Amazon aims to enhance the evaluation of AI models and increase human involvement in the process.
During the AWS re: Invent conference, AWS vice president of database, analytics, and machine learning Swami Sivasubramanian announced Model Evaluation on Bedrock – now available on preview – for models found in its repository Amazon Bedrock. Without a way to transparently test models, developers may end up using ones that are not accurate enough for a question-and-answer project or one that is too large for their use case.
“Model selection and evaluation is not just done at the beginning, but is something that’s repeated periodically,” Sivasubramanian said. “We think having a human in the loop is important, so we are offering a way to manage human evaluation workflows and metrics of model performance easily.”
Sivasubramanian mentioned to The Verge in a separate interview that developers often struggle to determine the most suitable model for their projects, leading to issues such as using overly powerful or oversized models.
Model Evaluation comprises automated and human evaluation components. In the automated version, developers can assess the performance of models on metrics such as robustness, accuracy, or toxicity for various tasks within the Bedrock console. Bedrock includes popular third-party AI models like Meta’s Llama 2, Anthropic’s Claude 2, and Stability AI’s Stable Diffusion.
While AWS provides test datasets, customers can also bring their own data into the benchmarking platform for a better understanding of the models’ behavior, followed by the generation of a report.

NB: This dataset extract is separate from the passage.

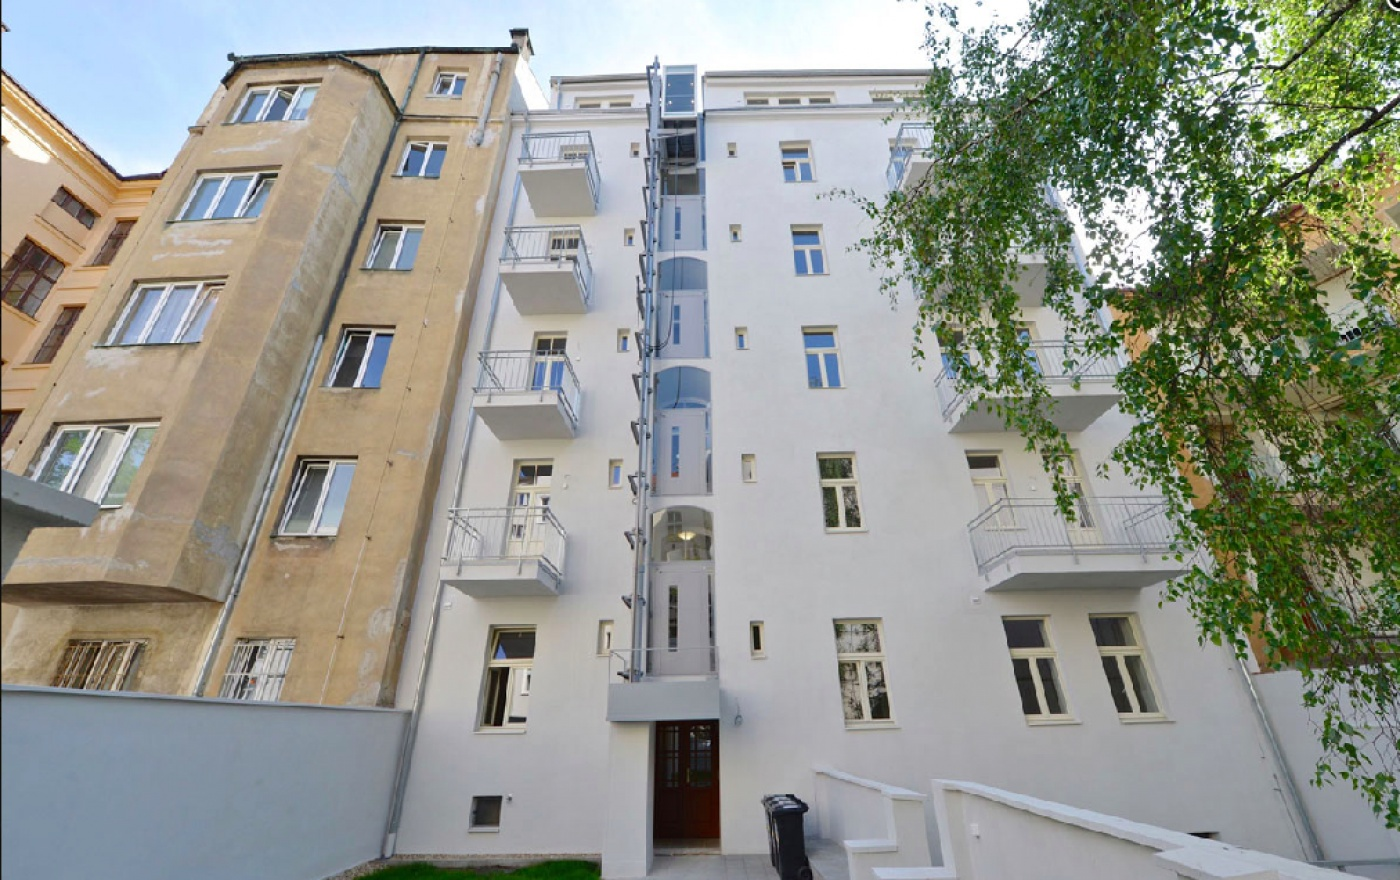 Půdní byt 3+kk, plocha 88 m², ulice Vratislavova, Praha 2 - Vyšehrad | 1

Involving humans, users can opt to work with an AWS human evaluation team or their own, specifying the task type, evaluation metrics, and the dataset they want to use. AWS will provide customized pricing and timelines for those working with its assessment team.

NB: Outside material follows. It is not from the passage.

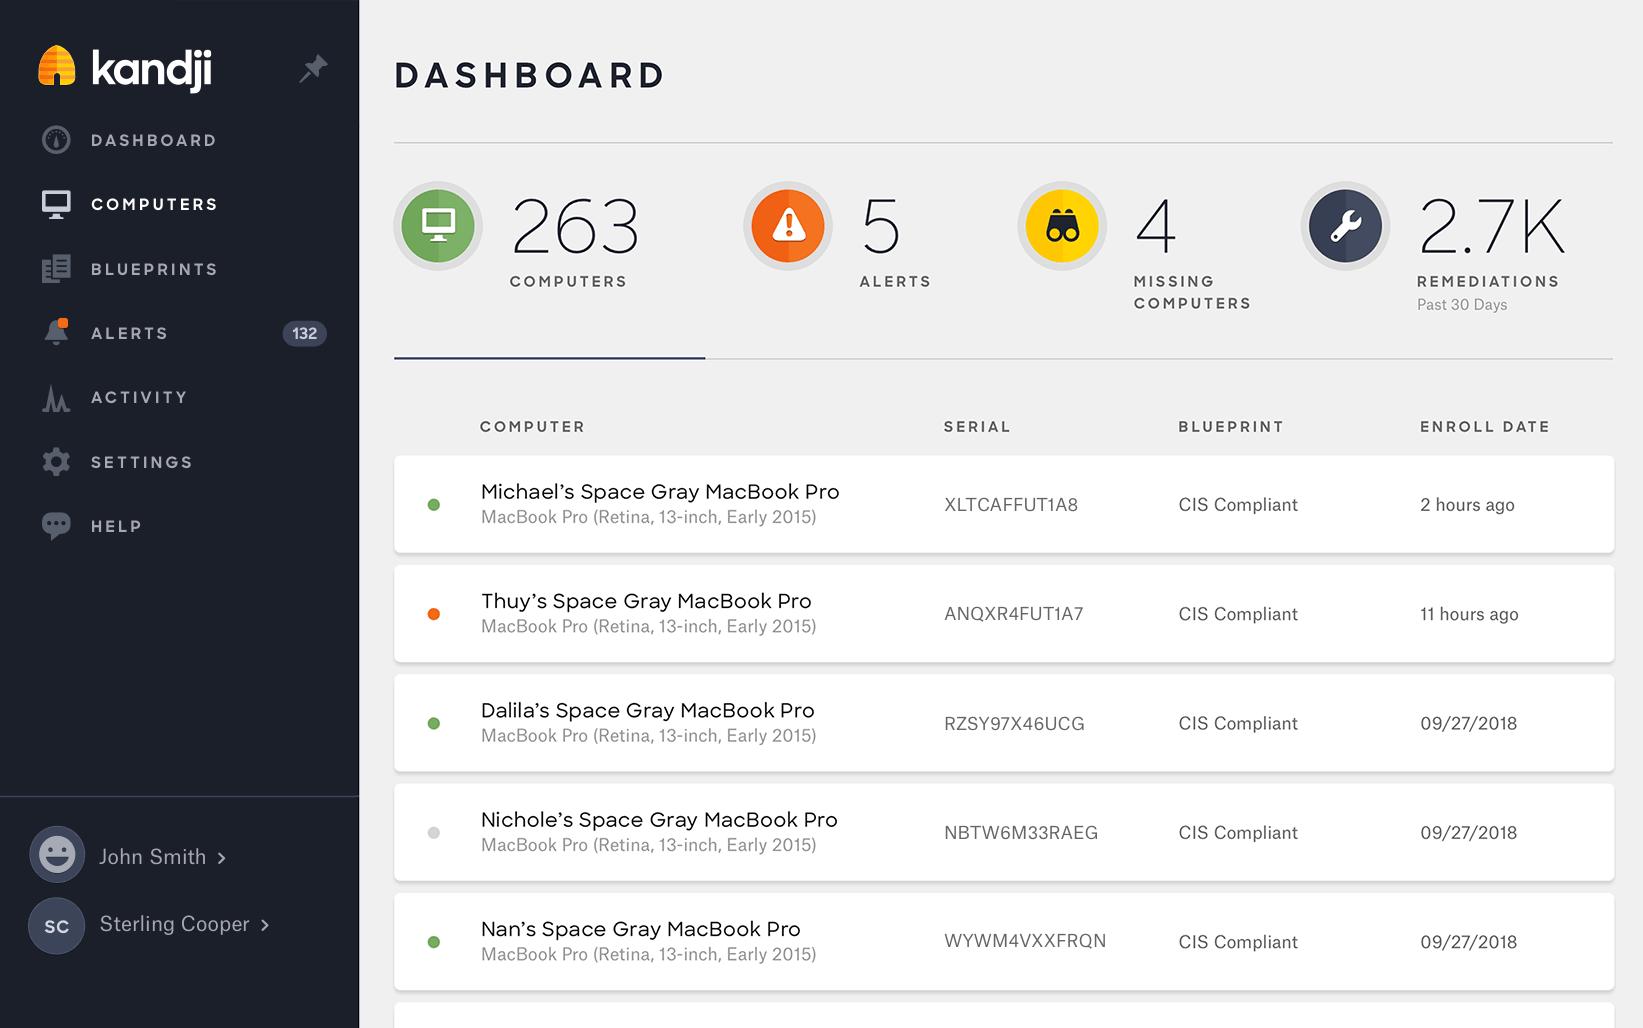 Kandji Software - Dashboard

AWS vice president for generative AI Vasi Philomin mentioned to The Verge that gaining a better understanding of how models perform guides development and allows companies to ensure compliance with responsible AI standards before utilizing the model.
Sivasubramanian also emphasized that human evaluation of AI models can uncover metrics that automated systems may overlook, such as empathy or friendliness.
Philomin clarified that AWS will not mandate all customers to benchmark models, offering flexibility based on individual needs. While the benchmarking service is in preview, AWS will only charge for the model inference used during the evaluation.
As there is no specific standard for benchmarking AI models, Philomin highlighted the goal of Bedrock benchmarking to offer companies a means to measure the impact of a model on their projects rather than a broad evaluation of models.